# Work instruction:
The answer is the first line of the listing and every line after it through the one containing "Product view of", exact, with pictures removed.

# Collected material:
»»

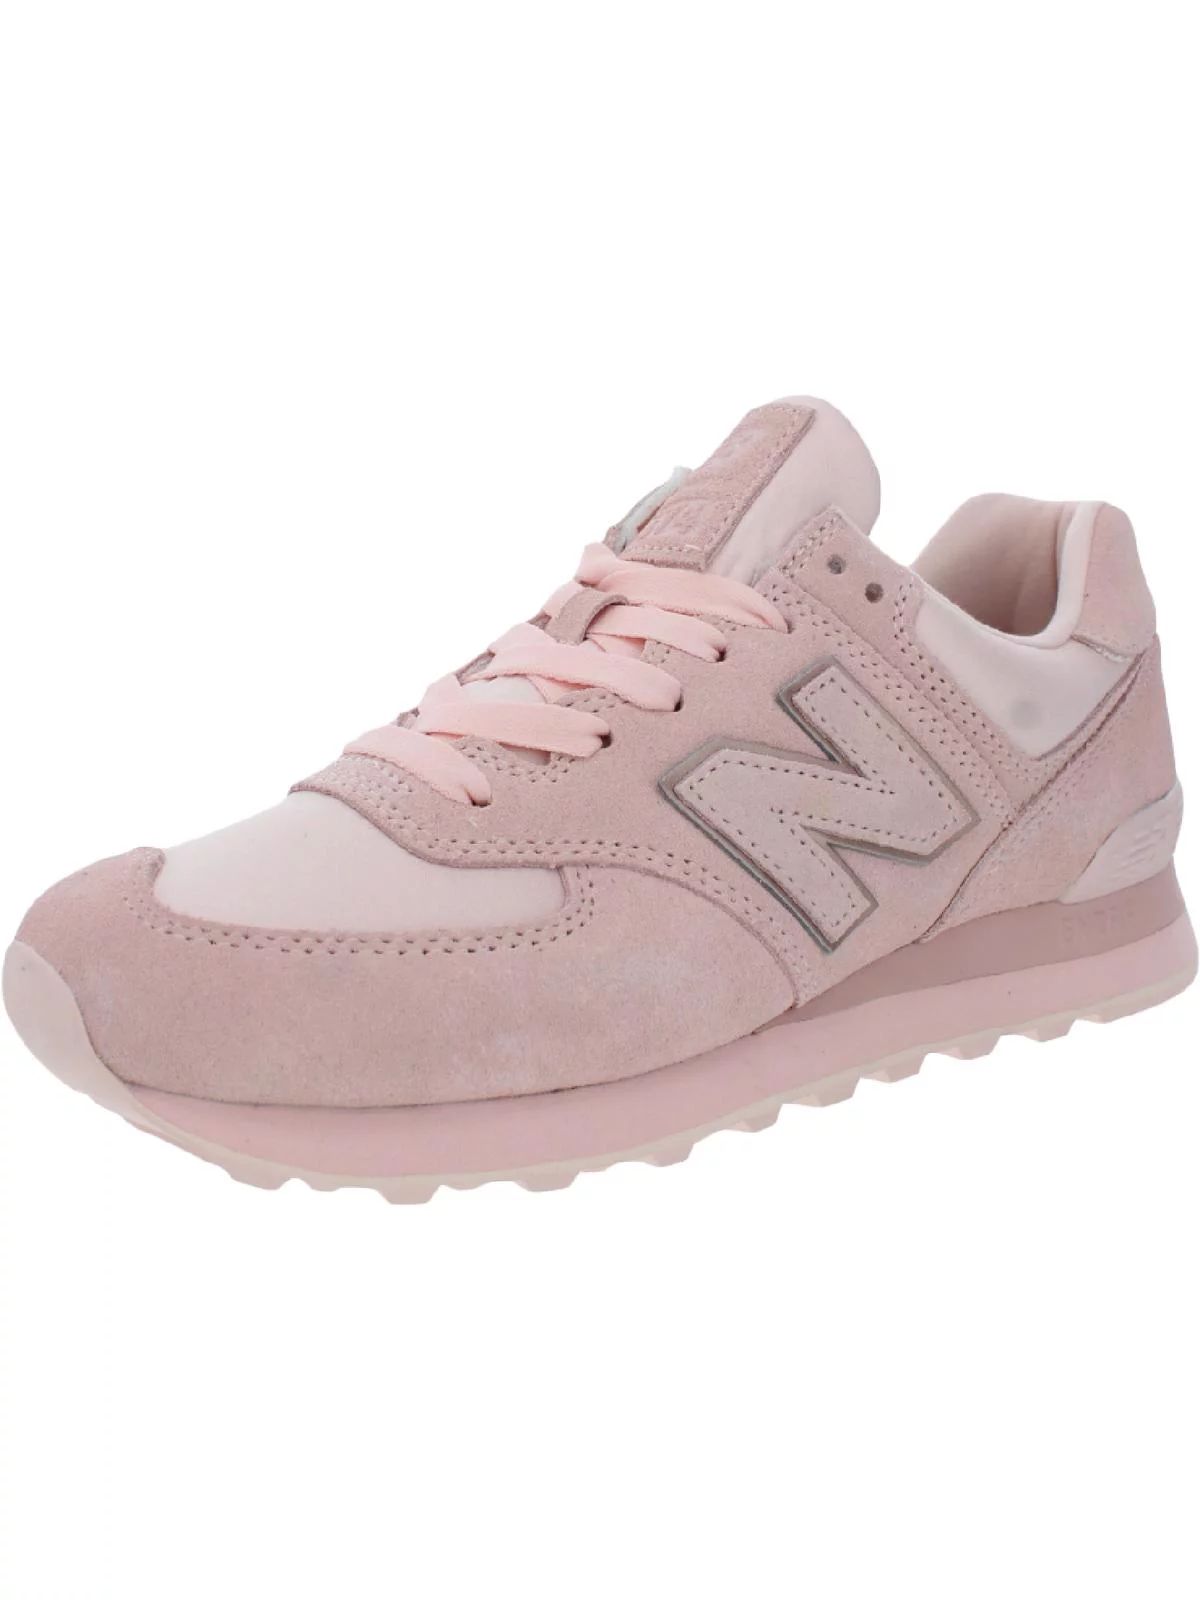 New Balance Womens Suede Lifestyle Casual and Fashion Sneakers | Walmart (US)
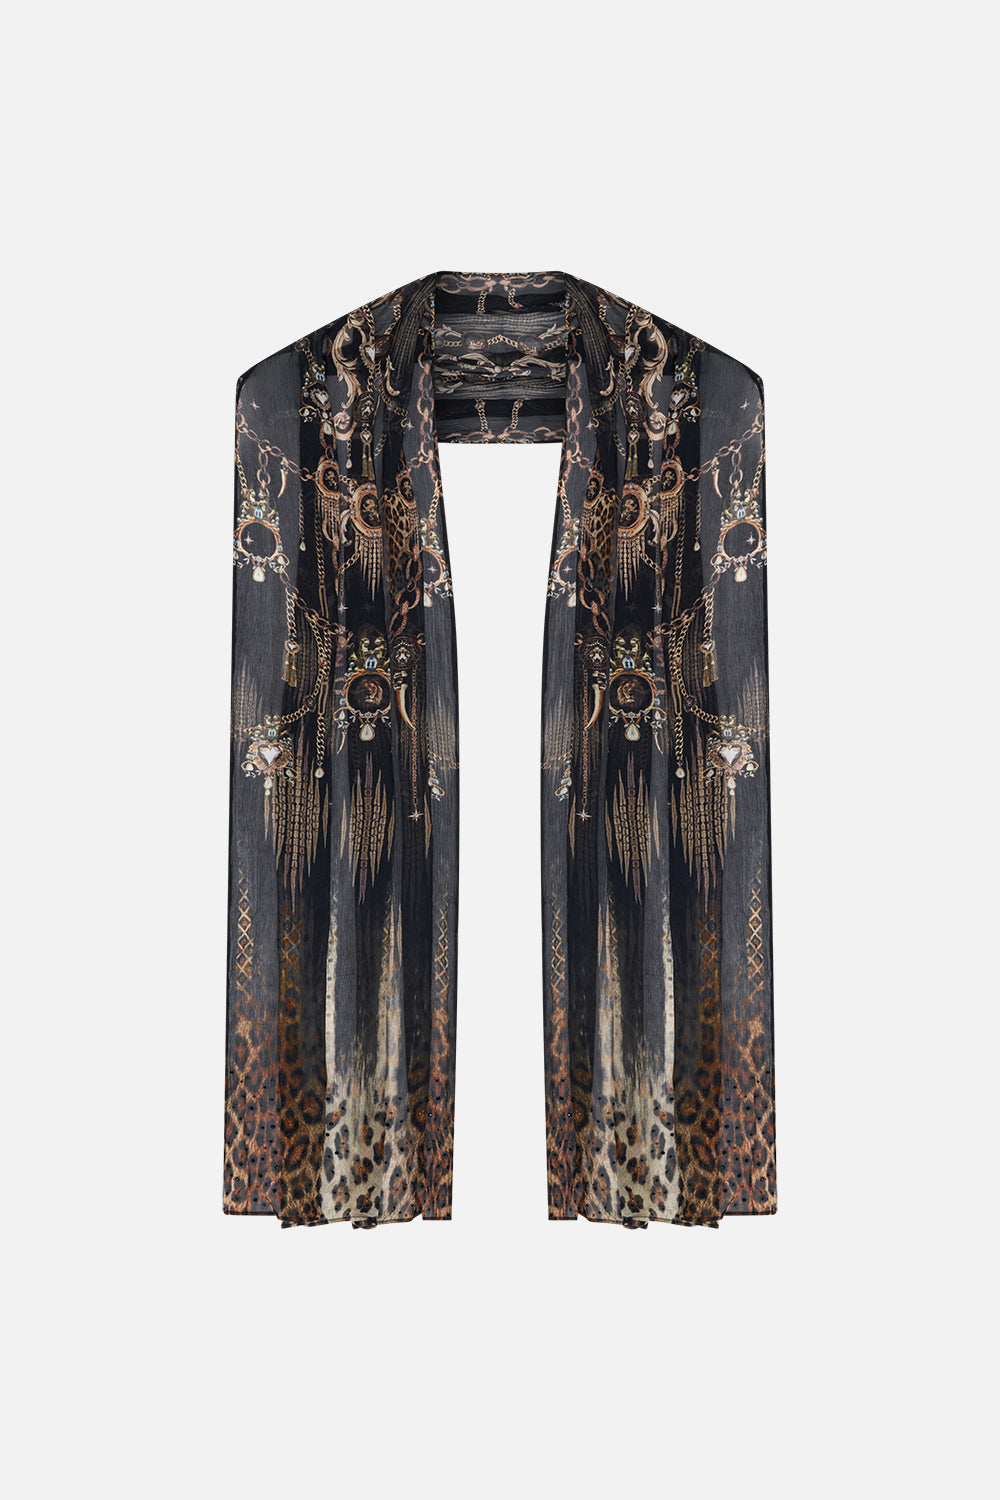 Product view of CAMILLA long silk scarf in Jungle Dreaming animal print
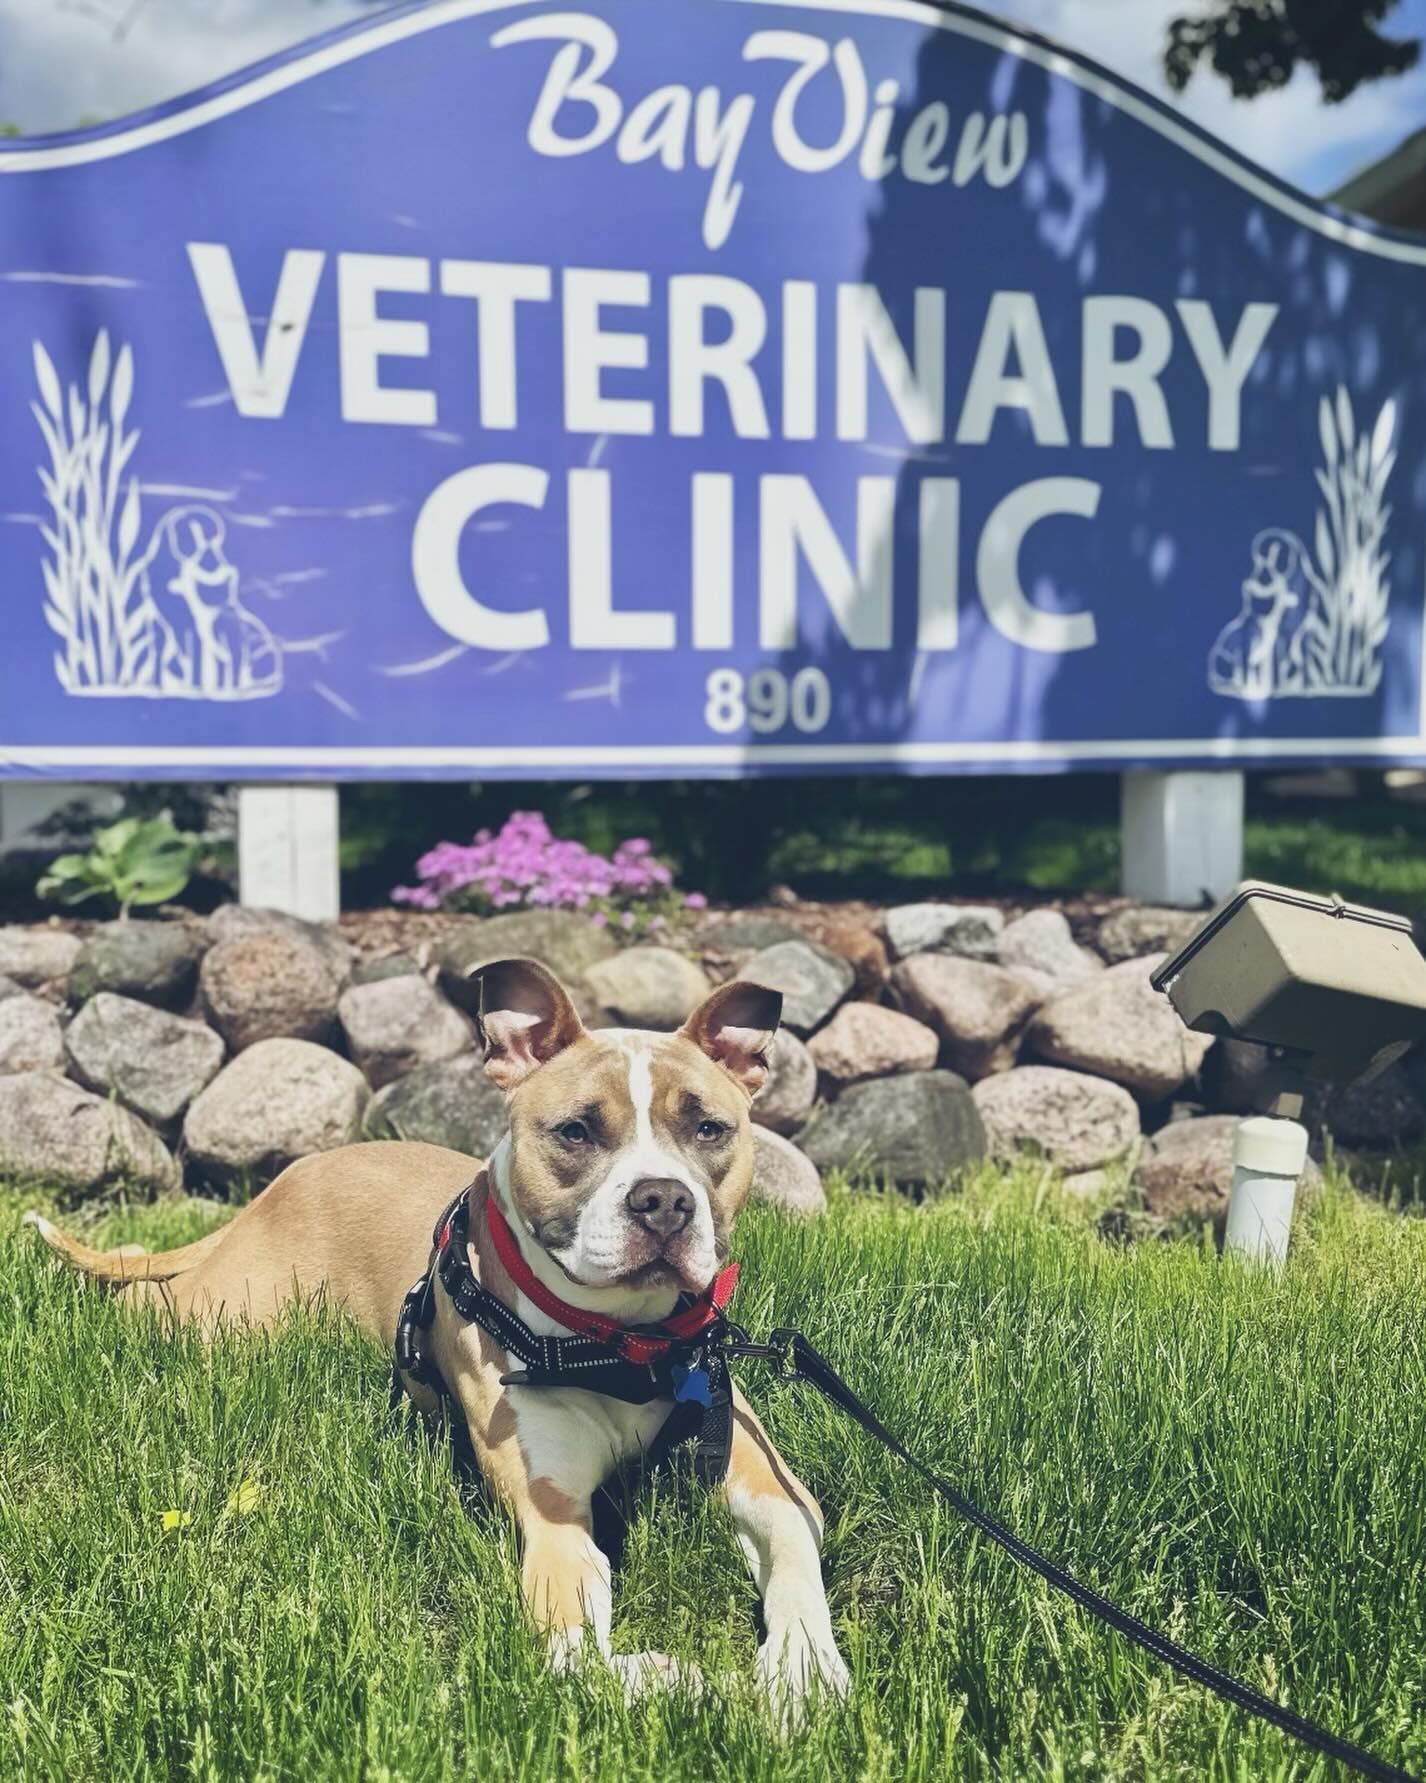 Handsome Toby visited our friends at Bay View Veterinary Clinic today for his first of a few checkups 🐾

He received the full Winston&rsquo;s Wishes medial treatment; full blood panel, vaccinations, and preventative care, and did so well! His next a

««

# The completed task:
 New Balance Womens Suede Lifestyle Casual and Fashion Sneakers | Walmart (US)
 Product view of CAMILLA long silk scarf in Jungle Dreaming animal print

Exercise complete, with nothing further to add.